Study findings: deeper LDL-C reduction and fewer first cardiovascular events

A prespecified subgroup analysis of the randomized VESALIUS-CV trial evaluated 3,655 patients with diabetes who were considered at high cardiovascular risk but had no known significant atherosclerotic disease. Participants received Evolocumab every two weeks or placebo, in addition to standard lipid-lowering therapy such as statins and/or ezetimibe.

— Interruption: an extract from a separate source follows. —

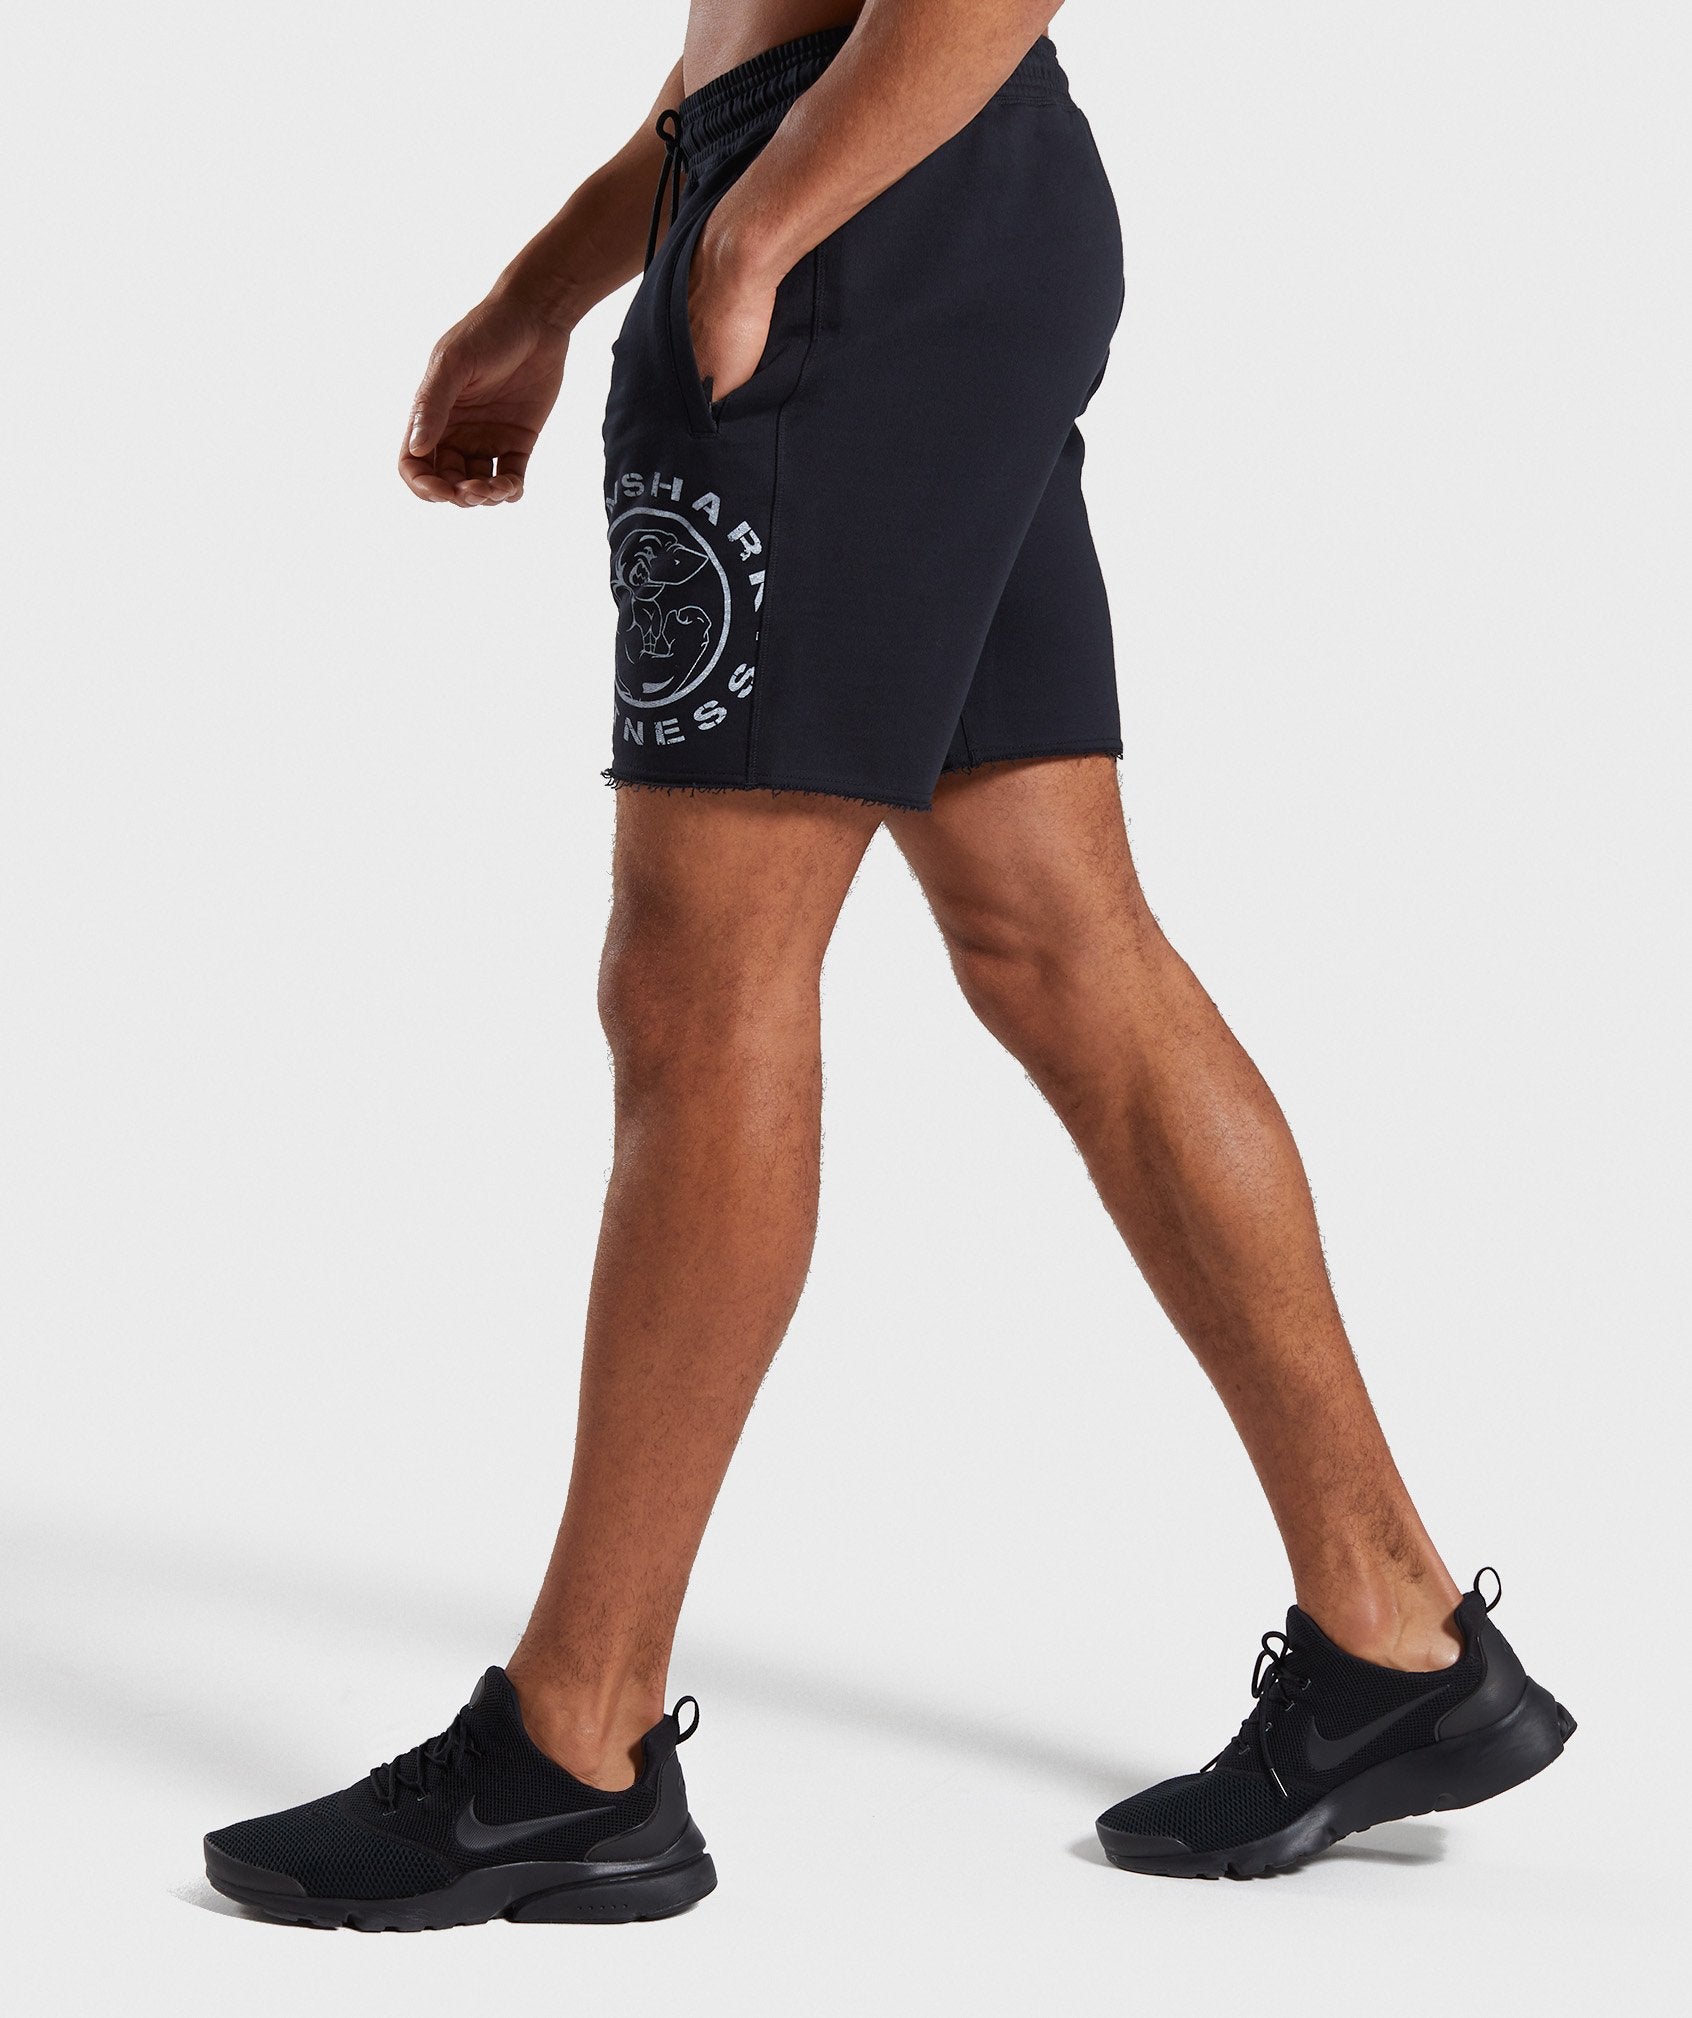 Legacy Plus Shorts in Black - view 3

The primary efficacy endpoints included a 3-point major adverse cardiovascular event (3P-MACE) composite of coronary heart disease death, myocardial infarction, or ischemic stroke, as well as a 4-point MACE endpoint that also included ischemia-driven coronary revascularization.

Key study findings

• Baseline LDL-C: median 121 mg/dL in the lipid analysis population
• At week 48: Evolocumab reduced mean LDL-C by approximately 51%
• Median LDL-C at week 48: 52 mg/dL with Evolocumab vs 111 mg/dL with placebo
• Median LDL-C at week 96: 44 mg/dL with Evolocumab vs 105 mg/dL with placebo
• Evolocumab also reduced other atherogenic lipid markers, including non–HDL-C and Apolipoprotein B

Cardiovascular outcomes

• 3P-MACE: 5.0% with Evolocumab vs 7.1% with placebo
  • Relative risk reduction: 31%
  • HR 0.69; p=0.009
• 4P-MACE: 7.6% with Evolocumab vs 10.5% with placebo
  • Relative risk reduction: 31%
  • HR 0.69; p=0.001

Landmark analysis

• Beyond year 1, Evolocumab was associated with:
  • 41% reduction in 3P-MACE
  • 39% reduction in 4P-MACE

Secondary outcomes

• 34% reduction in the composite of myocardial infarction, ischemic stroke, or coronary revascularization
• 31% reduction in coronary heart disease death, myocardial infarction, or coronary revascularization
• 32% reduction in cardiovascular death, myocardial infarction, or ischemic stroke
• Favorable trends were also observed for cardiovascular death and all-cause mortality, although these were considered exploratory

Conclusion: a signal toward earlier intensive LDL-C lowering

This analysis suggests that in high-risk patients with diabetes but no established ASCVD, adding Evolocumab to standard lipid-lowering therapy may not only produce deep and sustained LDL-C reduction, but also reduce the risk of a first cardiovascular event.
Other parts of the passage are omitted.